The Concept of Active Defence in China's Military Strategy
- Author: Amrita Jash
- Language: English
- Subject: Military
- Genre: Nonfiction
- Published: July 2021
- Publisher: Pentagon Press
- Publication place: India
- Media type: Hardcover
- Pages: 320
- ISBN: 978-93-90095-30-8
- OCLC: 1260166729

= The Concept of Active Defence in China's Military Strategy =

Academic book about military strategy in China

The Concept of Active Defence in China's Military Strategy is a book authored by Amrita Jash, an assistant professor in the Department of Geopolitics and International Relations at Manipal Academy of Higher Education. The book describes the core national interests of China along with its strategic intentions and military capabilities. It describes 'The Science of Military Strategy' (SMS), one of the main doctrinal military publications of the People's Liberation Army (PLA) of China on the study of war, and the directions of the current Chinese military strategy.

The book was released by N. N. Vohra, the former Governor of Jammu & Kashmir.

==Background==
The book is authored by Amrita Jash in 2021, after the events of the 2017 China–India border standoff and the 2020–2021 China–India skirmishes.

==Content==
The book attempts to explain the Chinese military strategy. According to reviewer Manoj Joshi, its strategy of "active defence" when unravelled turns out to be "active offence". Joshi says that in a way, this is a deliberately chosen deceptive strategy to camouflage offensive action.

== Reception ==
Writing for The Wire, Manoj Joshi in his review suggests that the book "seeks to unravel ‘the riddle, wrapped in a mystery inside an enigma” of Chinese military strategy’ and strongly recommends that the book "should be [a] compulsory reading in our [India's] military institutions."

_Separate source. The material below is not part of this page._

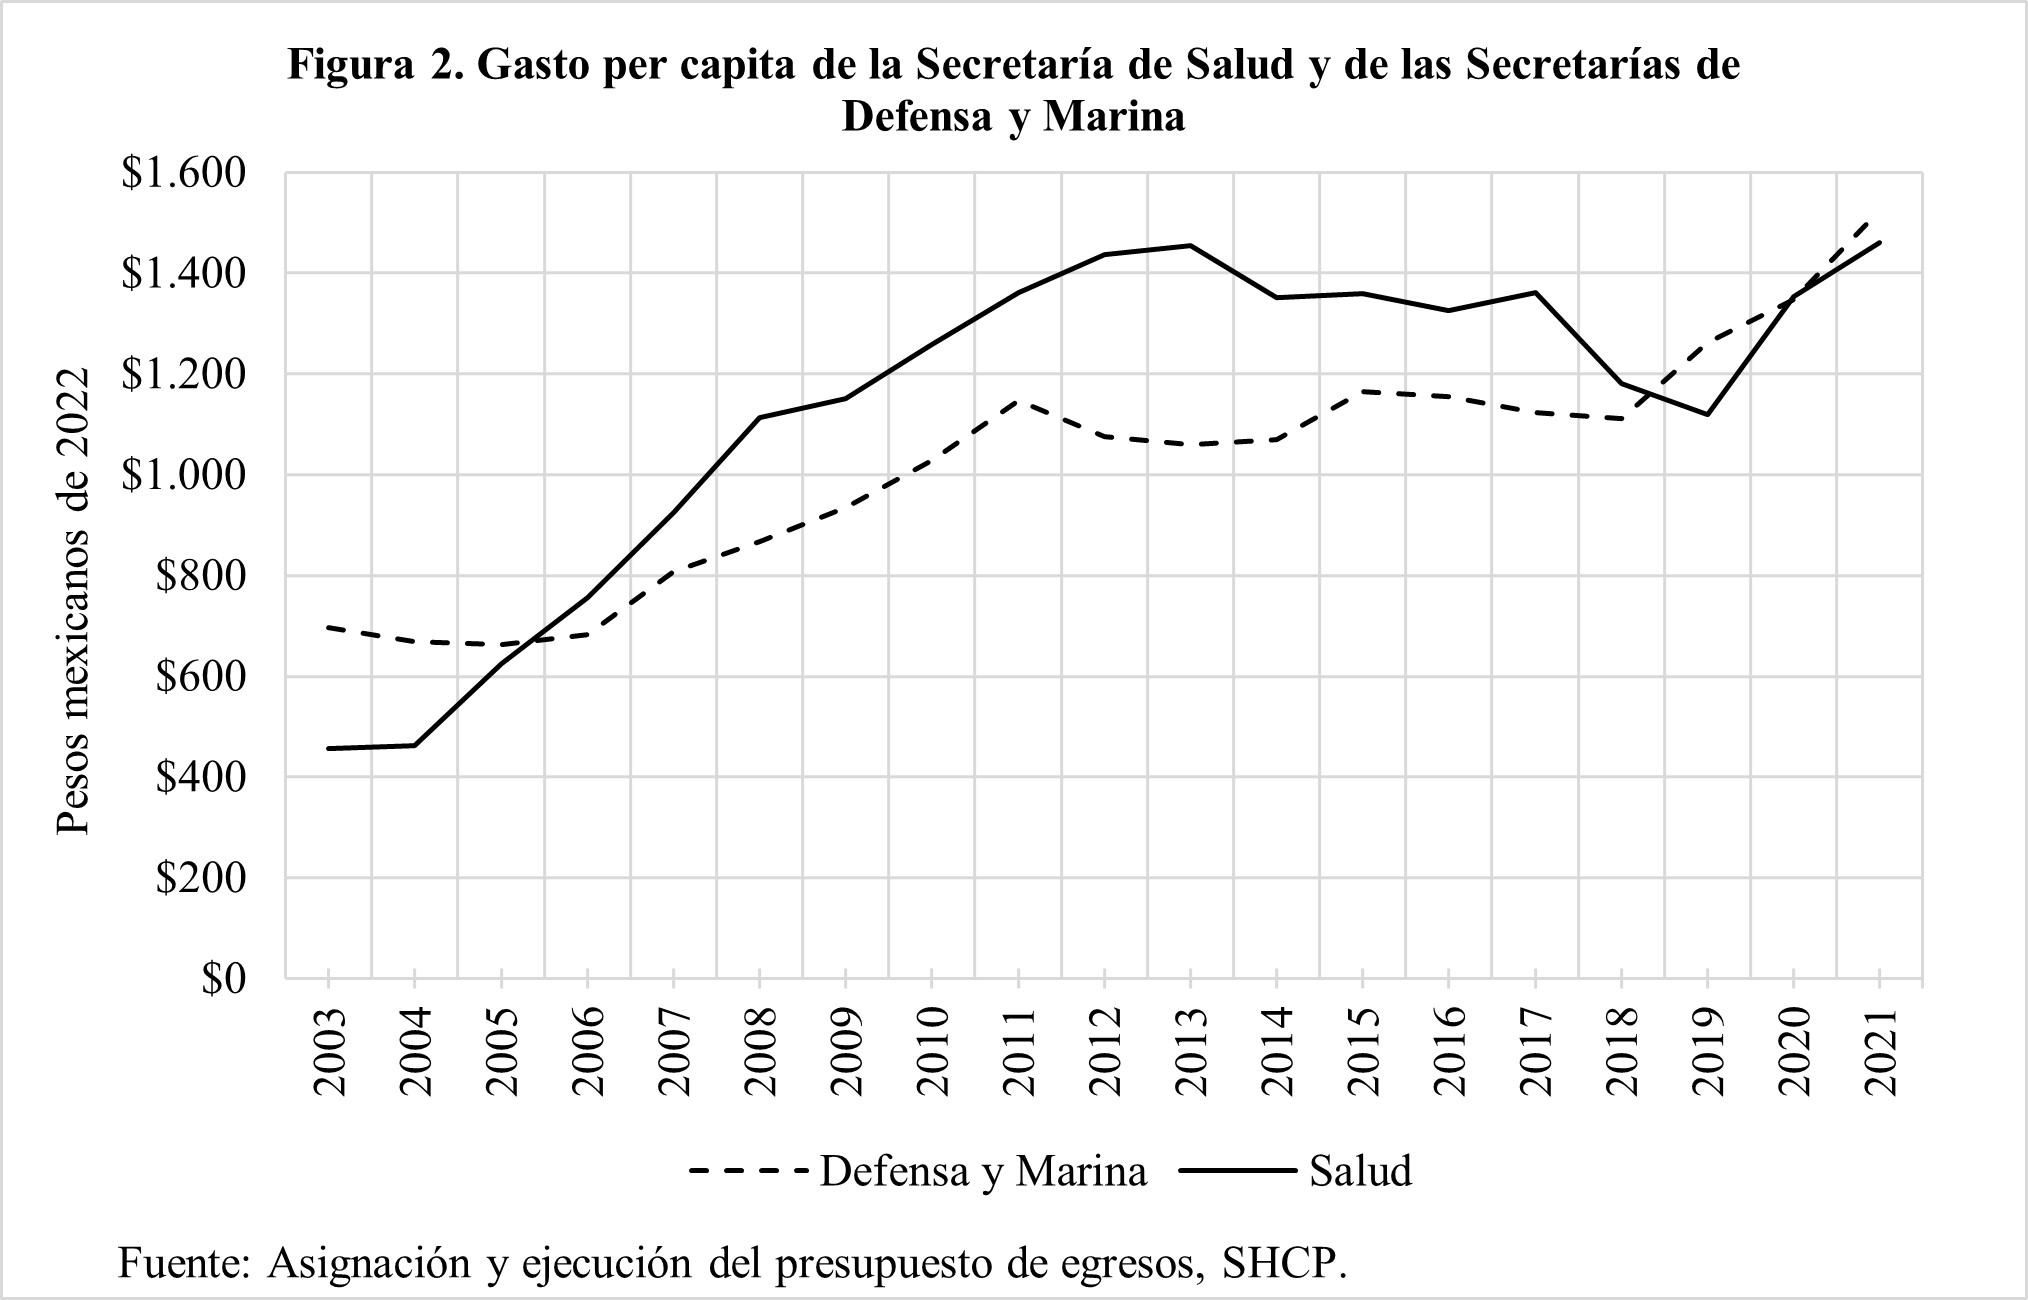 Comparativa de gastos de Secretaría Militar respecto a Secretaría de Salud 2003 - 2021

Indian Navy's Captain Gurpreet S. Khurana in his review for the Manohar Parrikar Institute for Defence Studies and Analyses's Journal of Defence Studies, suggests that the book "attempts to answer some key questions of immense relevance today about China as a neighbour, as well as China as a major global power. [...] as the author says, ‘What entails China's rise?.’"

In a review for The Financial Express, Lieutenant General Podali Shankar Rajeshwar writes, "What makes the book interesting is Dr Jash’s explanation of China’s paradoxical but increasing insecurities vis-à-vis India, that give rise to its aggressive behaviour and new claims."

In 2023, Suyash Desai of National Taiwan Normal University reviewed the book for China Report.